若是說方才蕭炎坐在二女之間的舉動對於旁人來說已經是足夠的殺人誅心的話,那麼此刻藥菀與薰兒對蕭炎做出的親密舉止則無疑讓一眾人咬碎了自己嘴裡的牙。
豈有此理!這小子也太囂張了!
其他的青年才俊,尤其是古族之中的天驕們更是摩拳擦掌,想要給這個家夥一點顏色瞧瞧。
“……”
雷驍看著蕭炎的背影直皺眉,卻還是搖了搖頭,作為被蕭炎揍的過的人,他自然是清楚蕭炎的實力到底有多恐怖,即便是自己一年前未曾輕敵,全力出手,下場估計也就是跟藥天差不多,落得個手段儘出卻依舊是慘敗而歸的結果。
而如今看到如今蕭炎左擁右抱,他緩緩閉上眼睛,隨後深呼吸了一口氣。
罷了,這就不是自己能插手的事情,何必自討沒趣?
倒不如看看這幫自命不凡的古族天驕是怎麼被他一個一個收拾的吧。
聽見了雷驍那深沉的呼吸聲,邙天尺嘿嘿一笑:“怎麼,不大高興嗎?回想起不堪回首的往事了?”
“——輸了就是輸了,我不像彆人那樣輸不起。”
雷驍不鹹不淡說道,隨後看向了如今正是摩拳擦掌,準備動手的古族青年們,仿佛像是看到了一年前的自己一樣,眼中便多出了幾分幸災樂禍。
“就讓他們慢慢打吧。”
“嘿嘿嘿,看樣子你反而比較看好蕭炎啊。”
邙天尺笑道,雷驍皺眉:“一年前的我尚且都不是他一合之敵,如何這些人的修為,又如何堪得大用?”

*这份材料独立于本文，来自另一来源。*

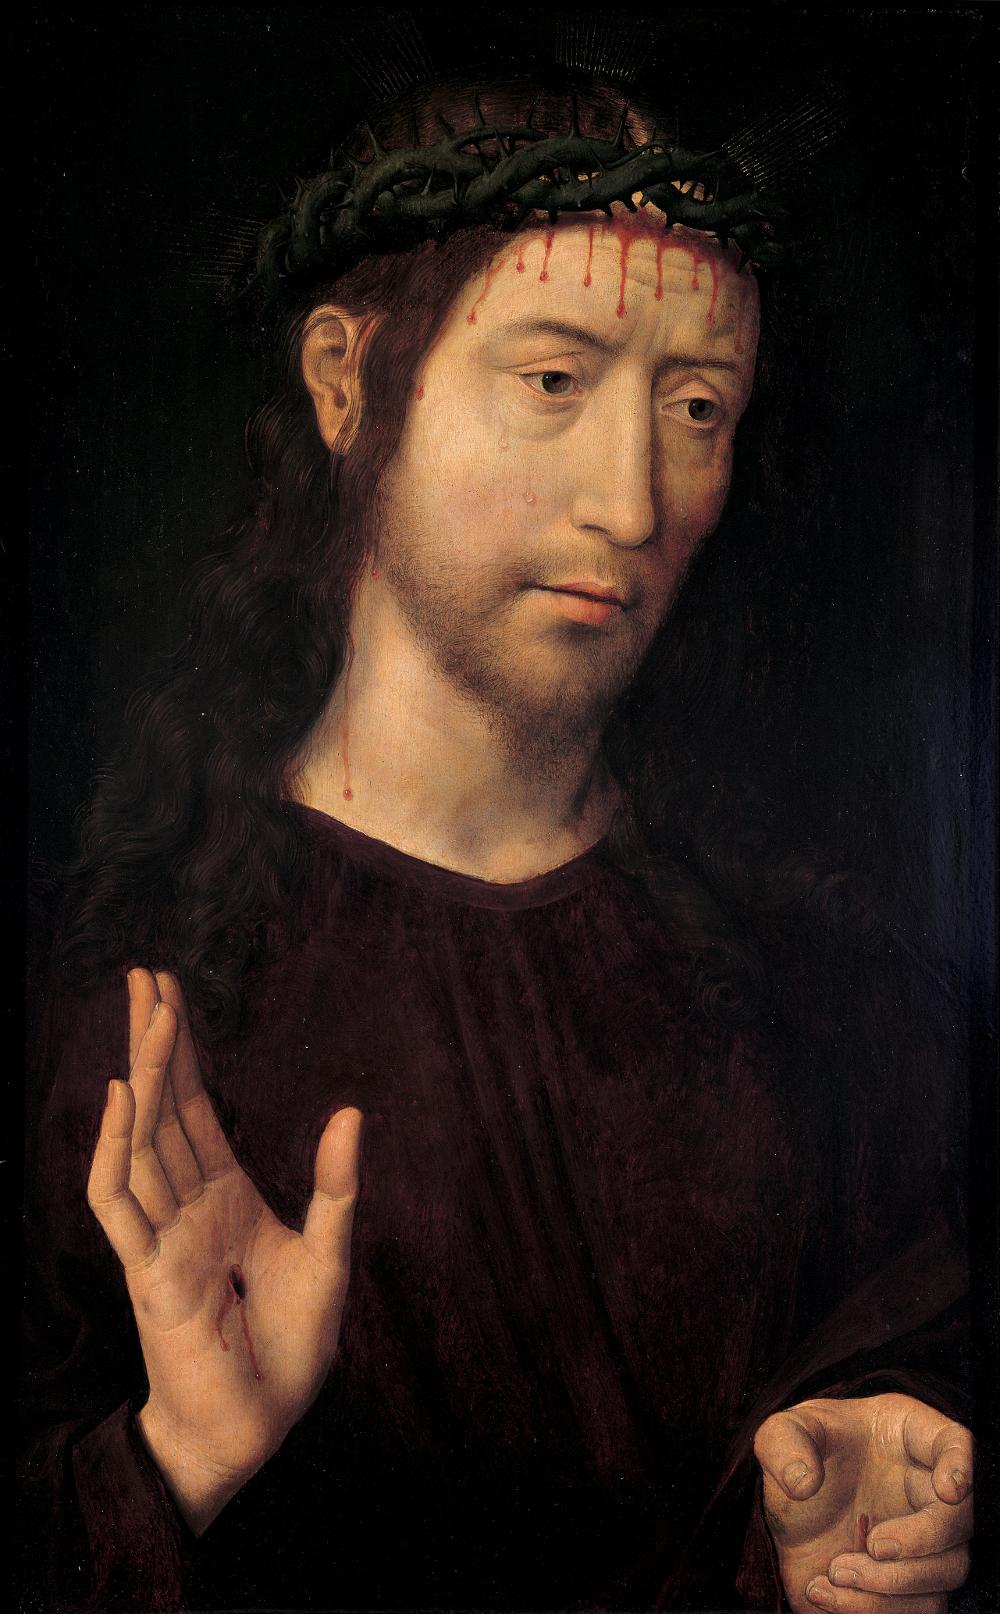 1485 Hans_memling,_cristo_benedicente,_Palazzo Bianco genova

“想想倒也是,這小子如今可是都已經七星鬥尊了,古族想要拿住他,隻怕即便是如今風頭正盛的四大都統出手也是難上加難。”
雷族席位邊上,火炫不禁撐著下巴,靜靜等著好戲開場。
“一年前的蕭炎得到了六種異火就已經除了藥菀之外無人能敵,如今得到了七種異火……”
火稚搖了搖頭,雷聲大雨點小罷了。
隻是來自於廣場中央的浩蕩之音打斷了所有人的思緒:“時辰已到,儀式開始。”
話音剛落,方才廣場之內的諸多席位上所傳出的嘈雜聲音漸漸平息,所有人的注意力也隨之落在那廣場中央,不知何時出現的三位長老身上。
成人禮儀式各族之間各不相同,但是也的確存在著共同點,那就是開場的準備尤為繁雜,那三位長老也是準備了許久方才準備完畢。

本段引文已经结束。